Louis Abraham's Home Page

Faster Python with NumPy broadcasting and Numba

19 May 2019

One of the most basic concepts in programming is the loop. Yet, Python is bad at making fast loops.

Loops are especially important in Machine Learning where most algorithms are supposed to be used on big datasets.

Slow code is one of the biggest flaws of Python and fixing this can boost the speed of your algorithms and, even better, your productivity.

Today we are going to see two optimization techniques that can be leveraged to make loops in numeric code really fast:

  1. Array Broadcasting in Numpy
  2. JIT (just-in-time) compilation with Numba

What is Array Broadcasting?

It is a simple technique that you already use every day when you write

import numpy as np

a = np.arange(100)
b = a * 2

Here, NumPy understood that when you write a * 2, you actually want to multiply every element of a by 2.
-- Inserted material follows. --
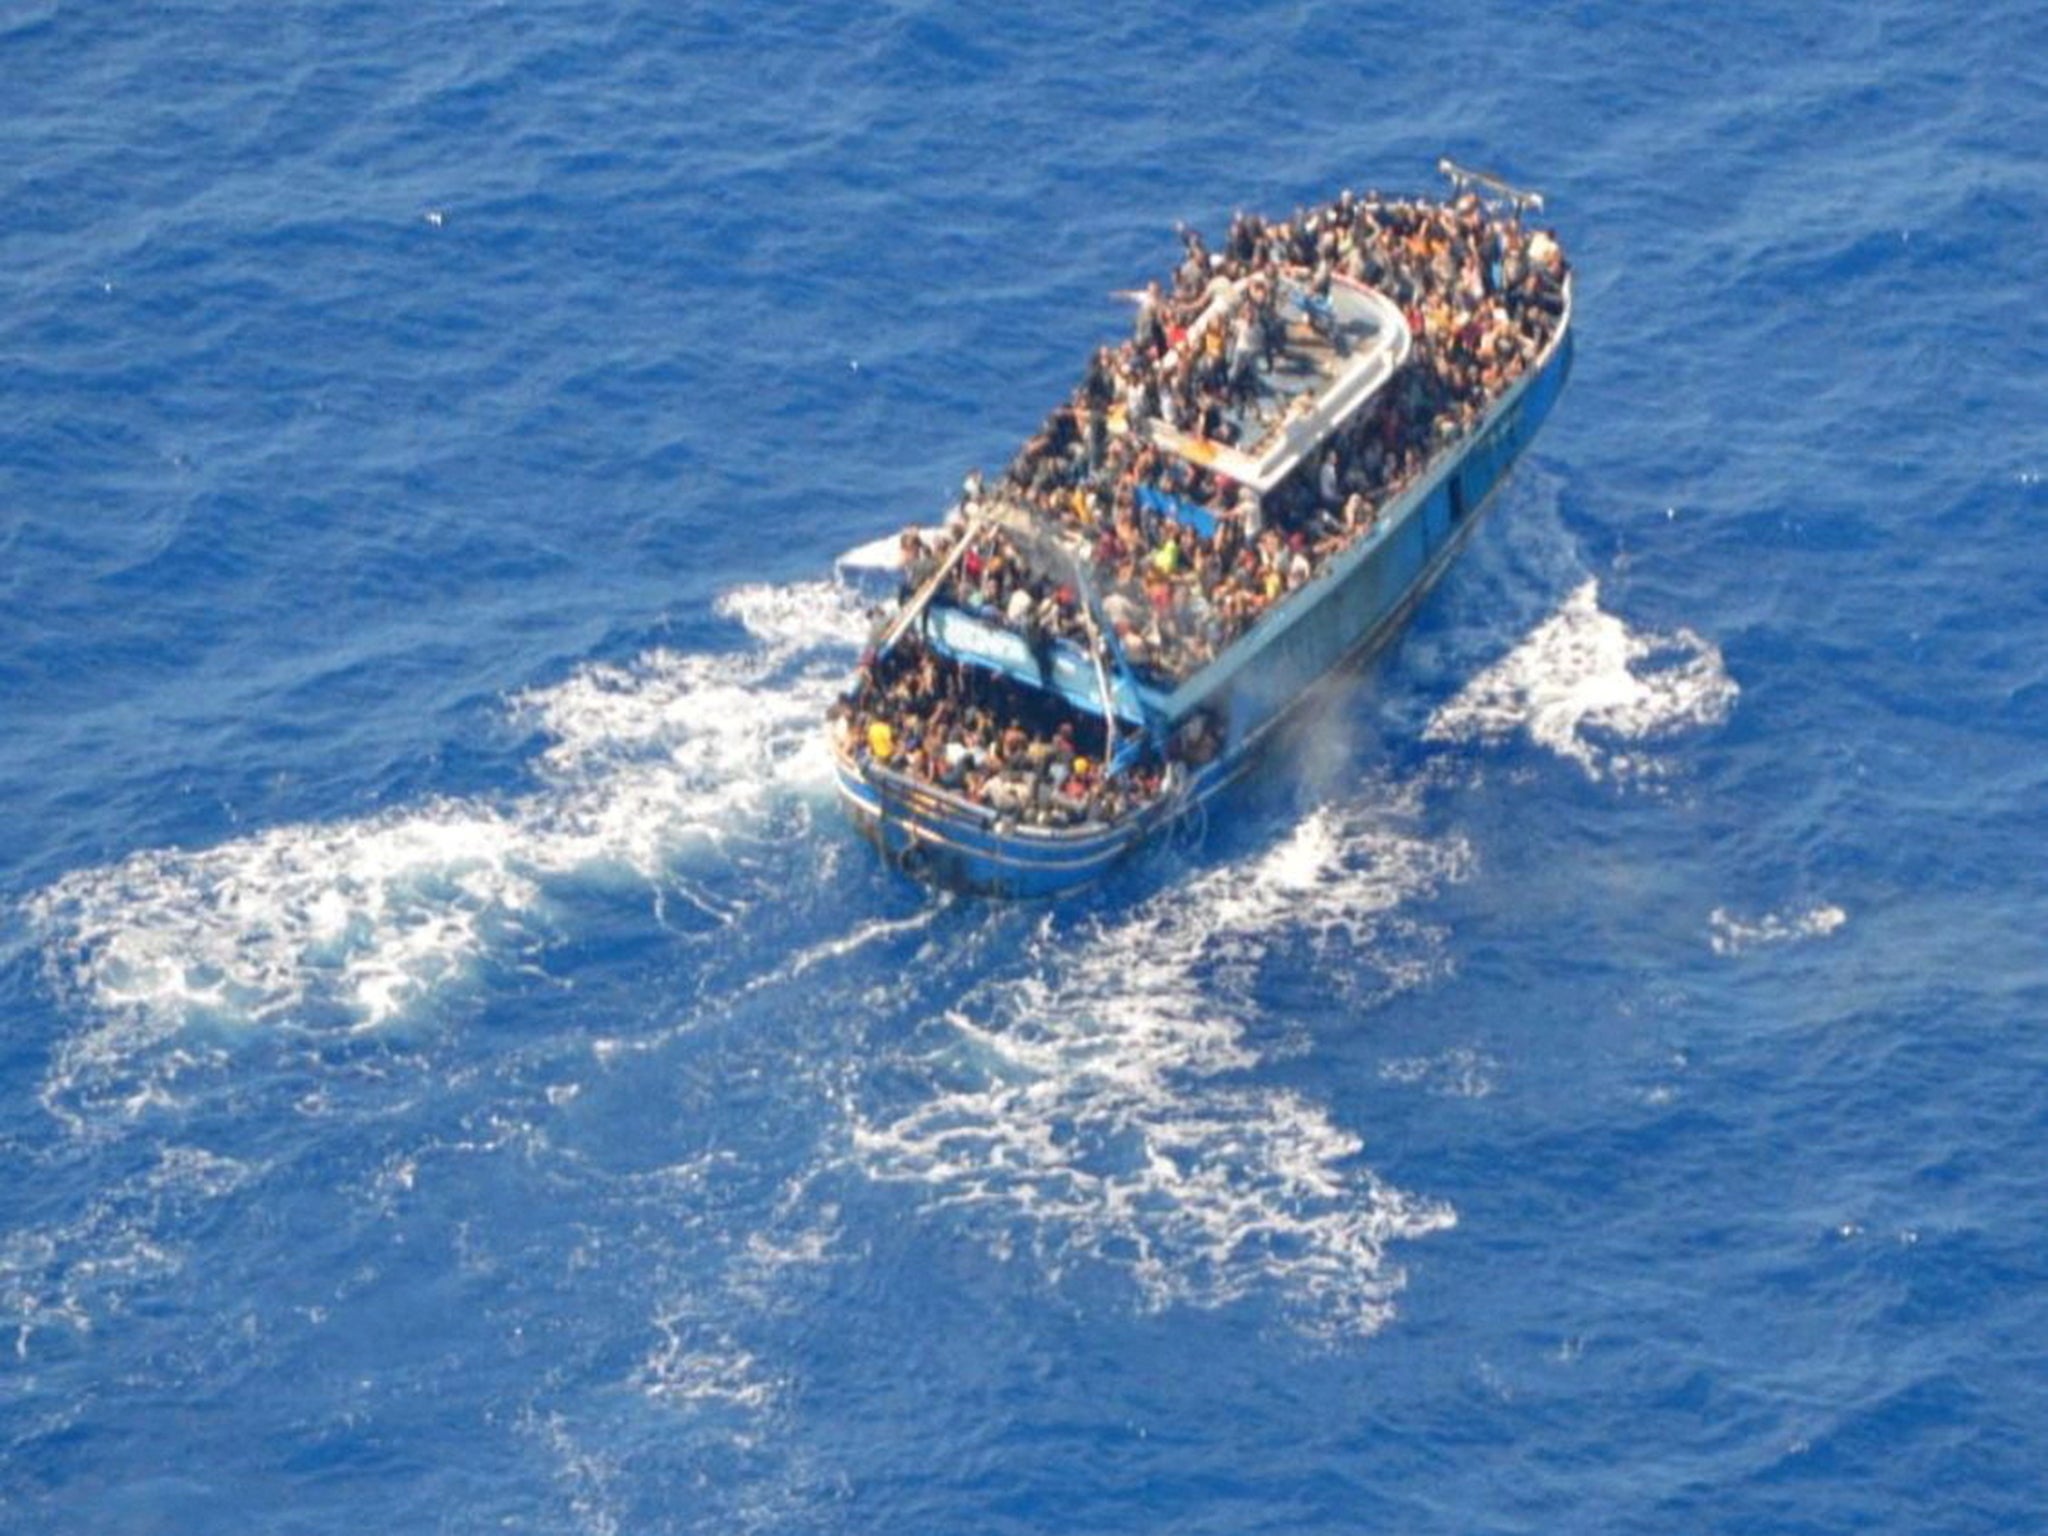 The dilapidated boat had up to 750 migrants onboard

Array broadcasting allows more complex behaviors, see this example:

>>> a = np.arange(6).reshape(2, 3)
>>> a
array([[0, 1, 2],
       [3, 4, 5]])
>>> b = np.array([1,2])
>>> b
array([1, 2])
>>> a * b
Traceback (most recent call last):
  File "<stdin>", line 1, in <module>
ValueError: operands could not be broadcast together with shapes (2,3) (2,) 
>>> b = b.reshape(2, 1)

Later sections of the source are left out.